In an Industry Known for Long Timeframes, Working with the “Instant Gratification” Economy

When Americans are increasingly growing accustomed to ordering paper towels on Amazon Prime instead of going to Costco and summoning Uber rides on their phones rather than hailing cabs, on-demand services and instant gratification are quickly becoming the new normal.

When Americans are increasingly growing accustomed to ordering paper towels on Amazon Prime instead of going to Costco and summoning Uber rides on their phones rather than hailing cabs, on-demand services and instant gratification are quickly becoming the new normal. As panelists at ULI’s Spring Meeting in Philadelphia agreed, the magnitude of that cultural shift is certain to cause big changes in the real estate industry—from what developers build to how transactions are conducted.

The instant-gratification, on-demand society could alter downtowns and reduce or even eliminate the need for certain types of commercial buildings, such as big-box stores. But it also is creating markets for new types of services, such as Ten-X, an online platform that since 2007 has facilitated sales of more than 200,000 residential and commercial properties with a value of $35 billion.

“There’s an attitude that time kills deals, so we think speed can make deals,” explained Kyle Ladewig, senior manager for Ten-X’s commercial division. To that end, he said, Ten-X, formerly Auction.com, tries to minimize transaction time and allow users to monitor the process in real time, with features such as an online dashboard where they can see who is coming into their properties.

“We’re out to shorten the time that buyers and sellers have to go back and forth and increase deal flow,” Ladewig said. In traditional real estate practice, a broker might need three months to get a legitimate offer and up to six months to close a deal. With Ten-X’s online auctions, in contrast, a property typically is live on the site for just 45 days, and a deal usually closes 30 days after that.

In commercial real estate, speeding up transactions and deal flow means that sellers have more freedom to shift strategy and make moves quickly. “You don’t have to decide six months in advance when you want to sell a property,” Ladewig said. “You can respond quickly to the market” and reduce risk in the process.

Ladewig noted that such online services won’t cause the extinction of conventional commercial real estate brokers, any more than Uber necessarily will make car dealerships vanish. High-value, complex transactions will still require local market makers, he said. “We augment what the broker provides,”

Clare DeBriere, chief operating officer and executive vice president of the Ratkovich Company, a Los Angeles–based real estate development firm, said the industry needs to adjust its communication methods to a culture in which people have grown accustomed to time-shifting their favorite TV programs and getting a continuous stream of stimulation from social media.

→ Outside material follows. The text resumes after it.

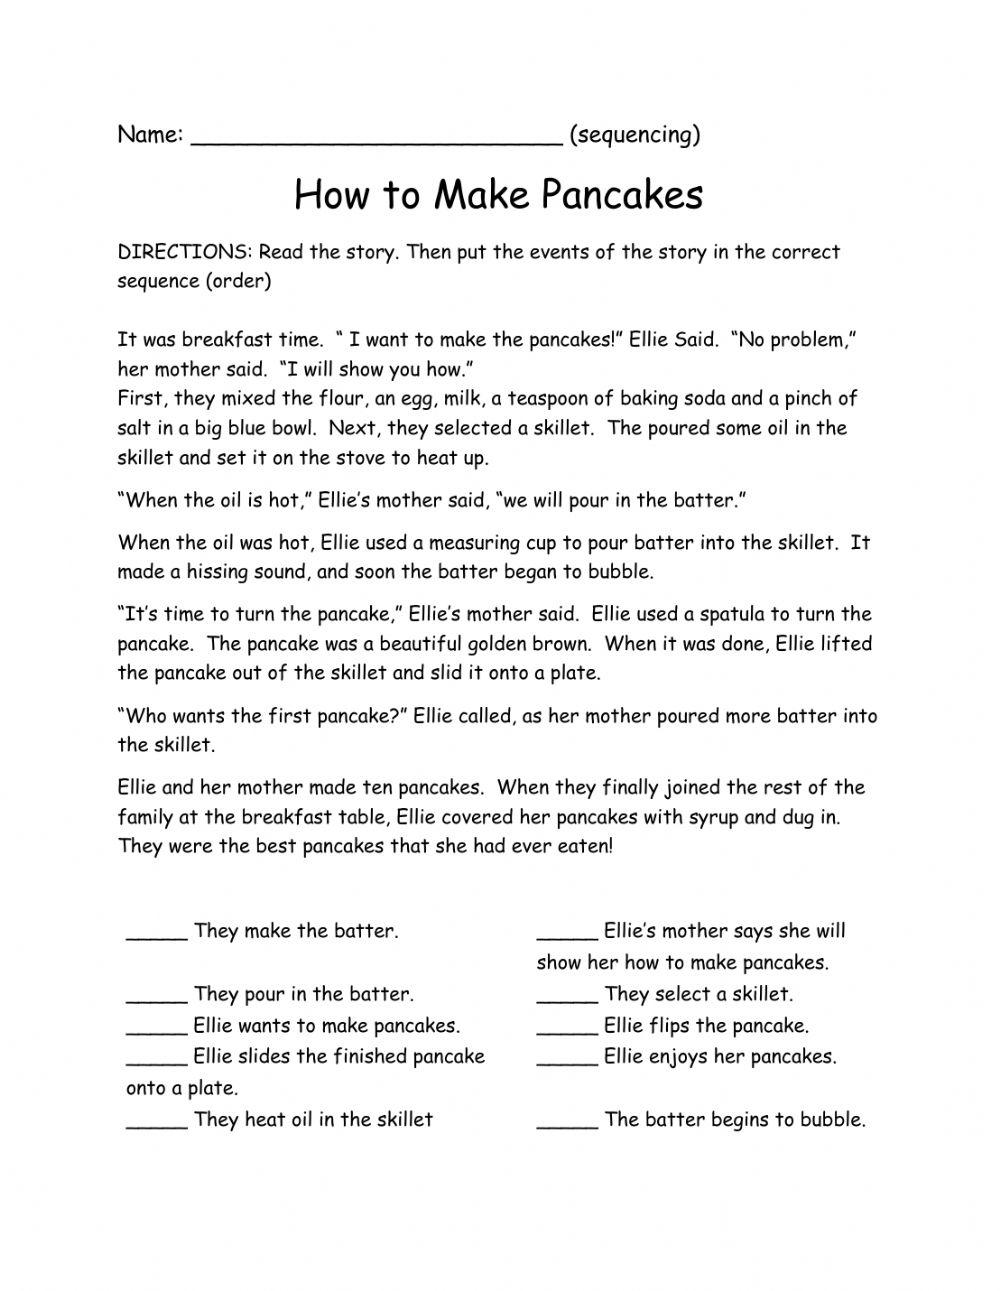 ELA2-Tuesday (Sequencing-How to Make Pancakes)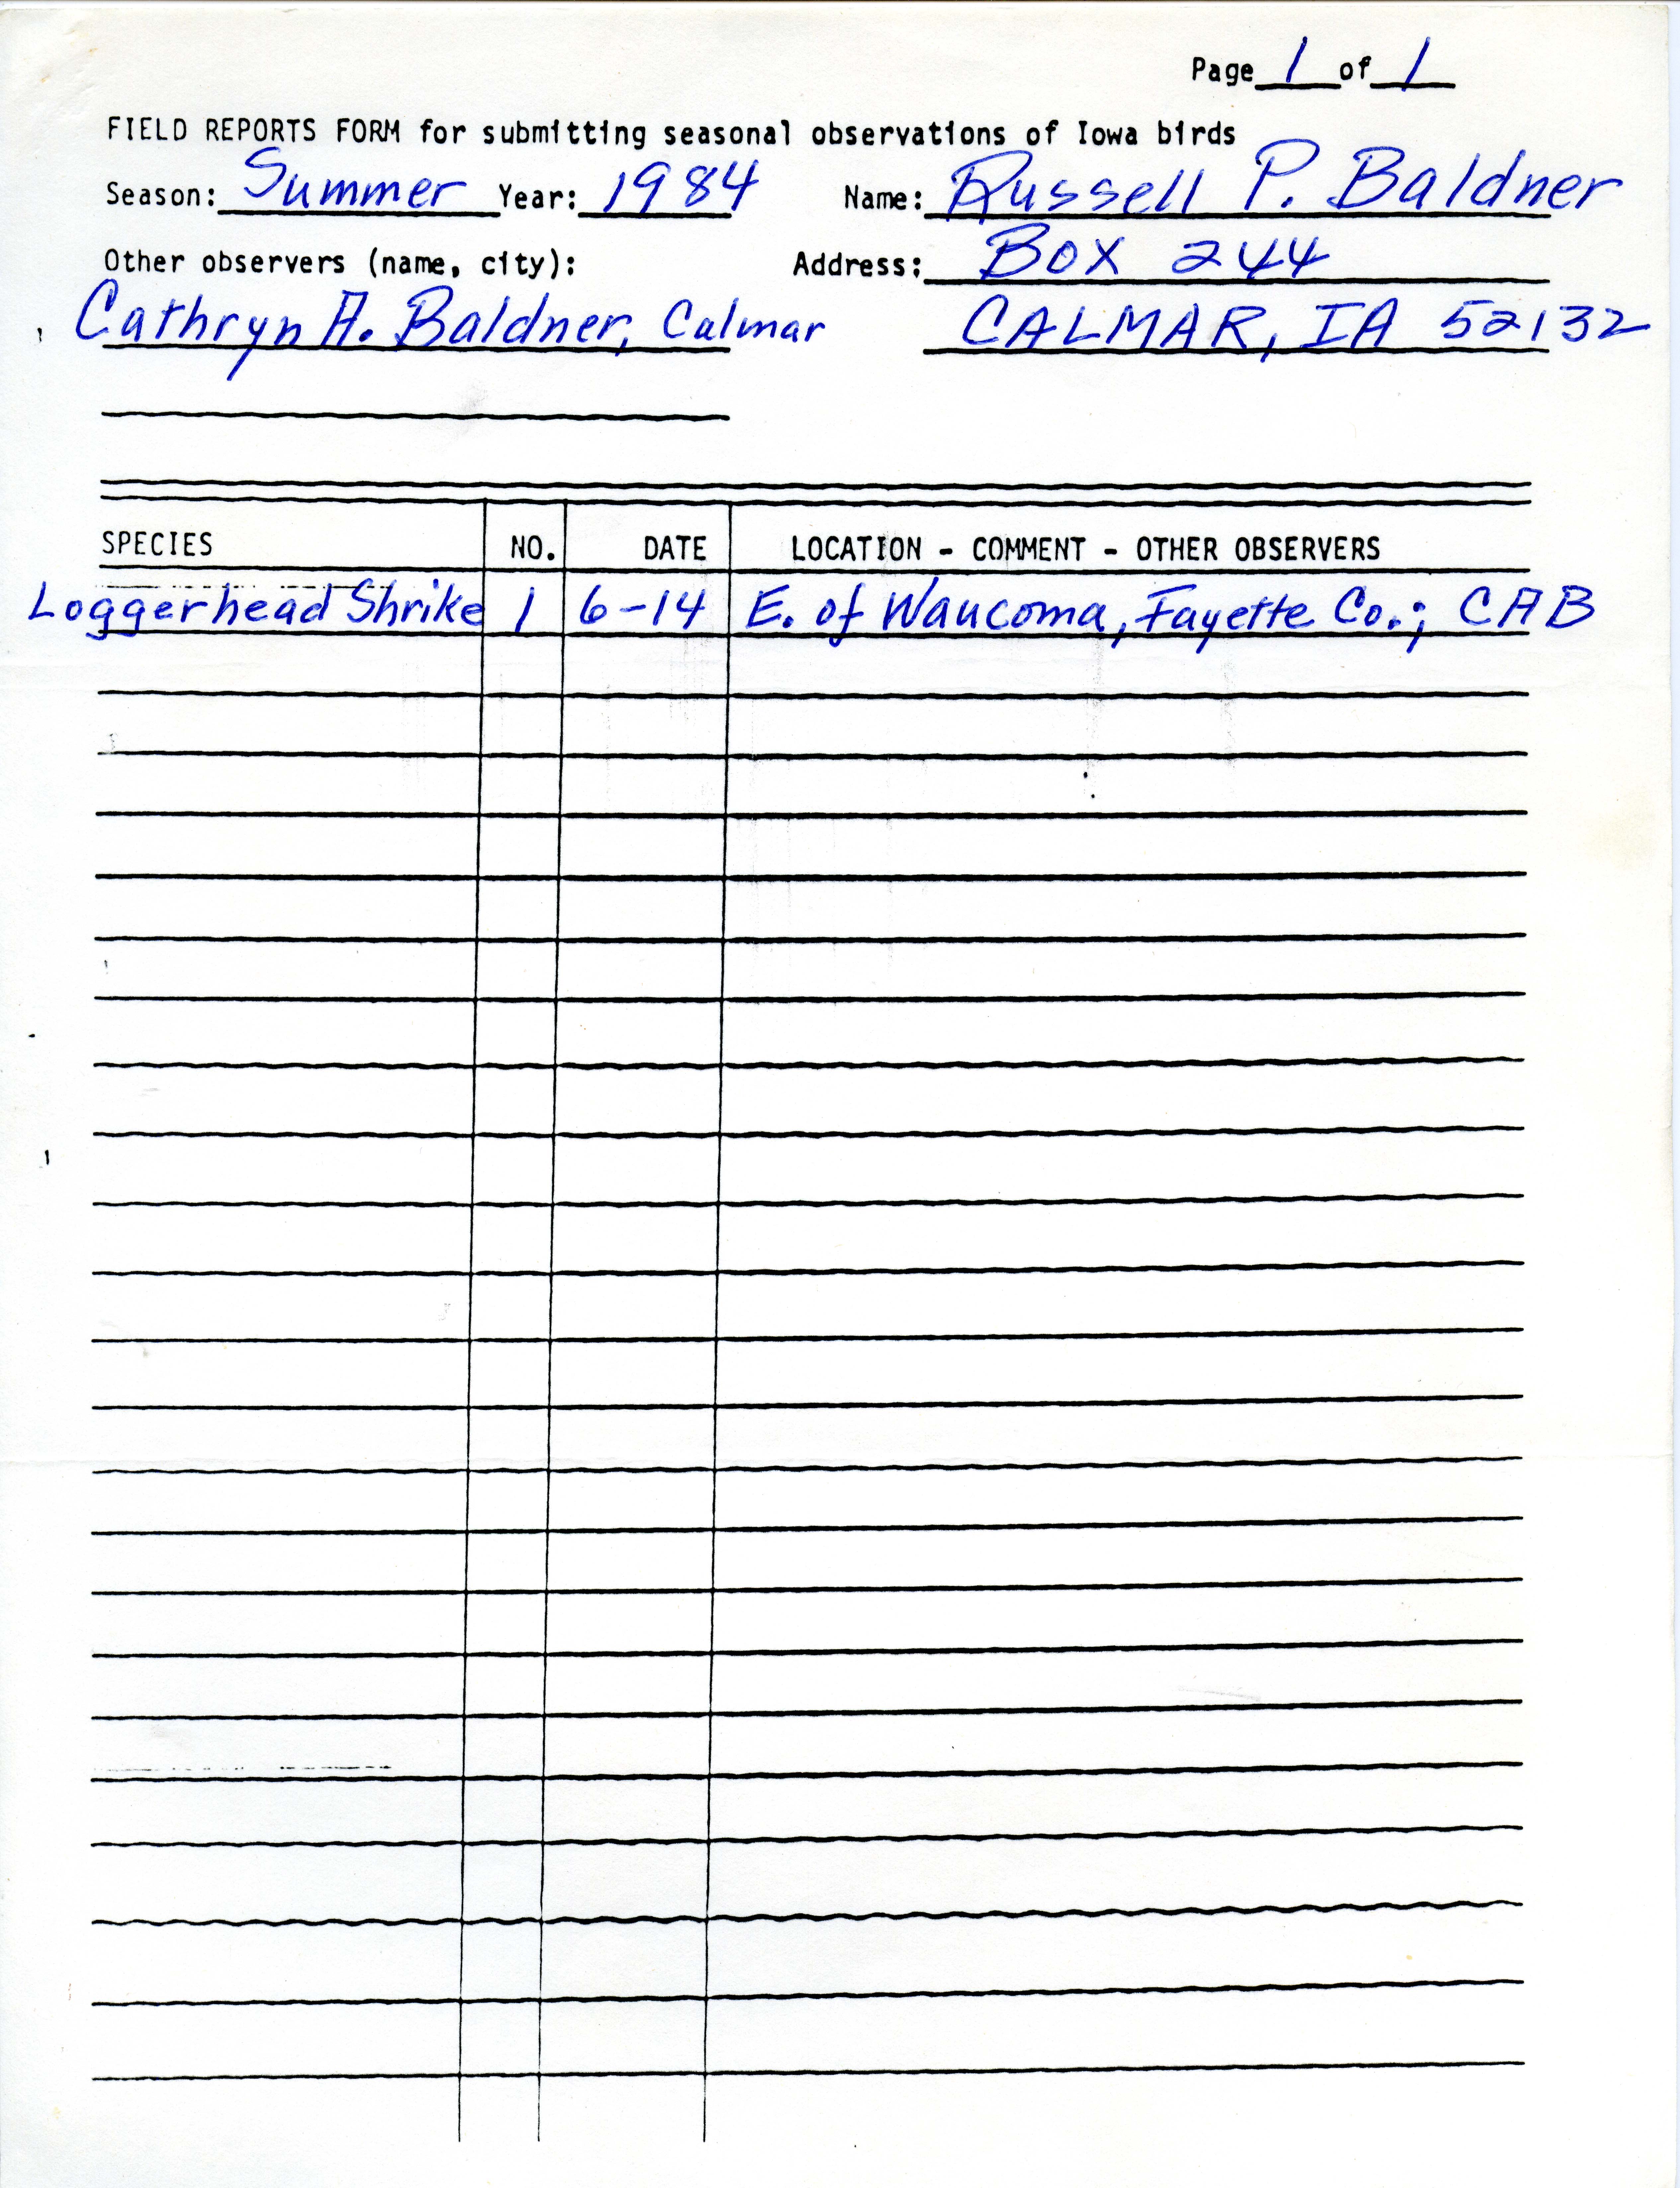 Field notes contributed by Russell P. Baldner, Calmar, Iowa, summer 1984

When Ratkovich recently gave a presentation at a community meeting in San Pedro, California, for example, it was recorded and reposted in its entirety on the developer’s website the next day. “Information is so much more accessible that way, and the expectation is that something like a town hall meeting should be available to you, even if you can’t actually make it to the meeting,” she said.

And on a recent renovation of a downtown project, Ratkovich posted photos of the construction progress each day on Instagram, she said.

DeBriere said that the shift to instant gratification poses challenges for commercial real estate developers. Having a successful project may mean recruiting retailers who are attuned to the new rules of selling, in which people accustomed to shopping online go to stores to have “experiential opportunities” and get information from store clerks, rather than roam the aisles in search of bargains.

DeBriere said that future of retail can be glimpsed by looking at upstarts such as Warby Parker, the online prescription eyeglasses retailer that now is transitioning from clicks to bricks with small physical locations where customers can handle the merchandise. “I have a 250-square-foot [23 sq m] store of theirs,” she noted. “They will sell $1 million a month from that store, even though it’s basically just an advertisement to their website.”

Despite the rise of e-commerce and mobile communication, “I don’t think that interactions between people will ever actually end,” she explained. “People who are used to using the technological environment to keep themselves apart from other people would do that anyway.” She noted that Ratkovich is bucking trends by building a large shopping mall, out of a conviction that people still have a need and desire to go to such spaces to interact. “People like to be with people, to dine with other people,” she said. “And you can’t feel whether this sweater is scratchy online.”

Other business opportunities may arise because creating the capacity to provide instant gratification tends to require an elaborate infrastructure. Julian Mann, an entrepreneur who operates a livery service in the Bronx, New York, noted that he has branched out into renting vehicles to people who want to work with online ride-providing platforms such as Uber or Lyft but can’t yet afford to buy their own wheels.

Patrick J. Kiger is a Washington, D.C.–based journalist and author.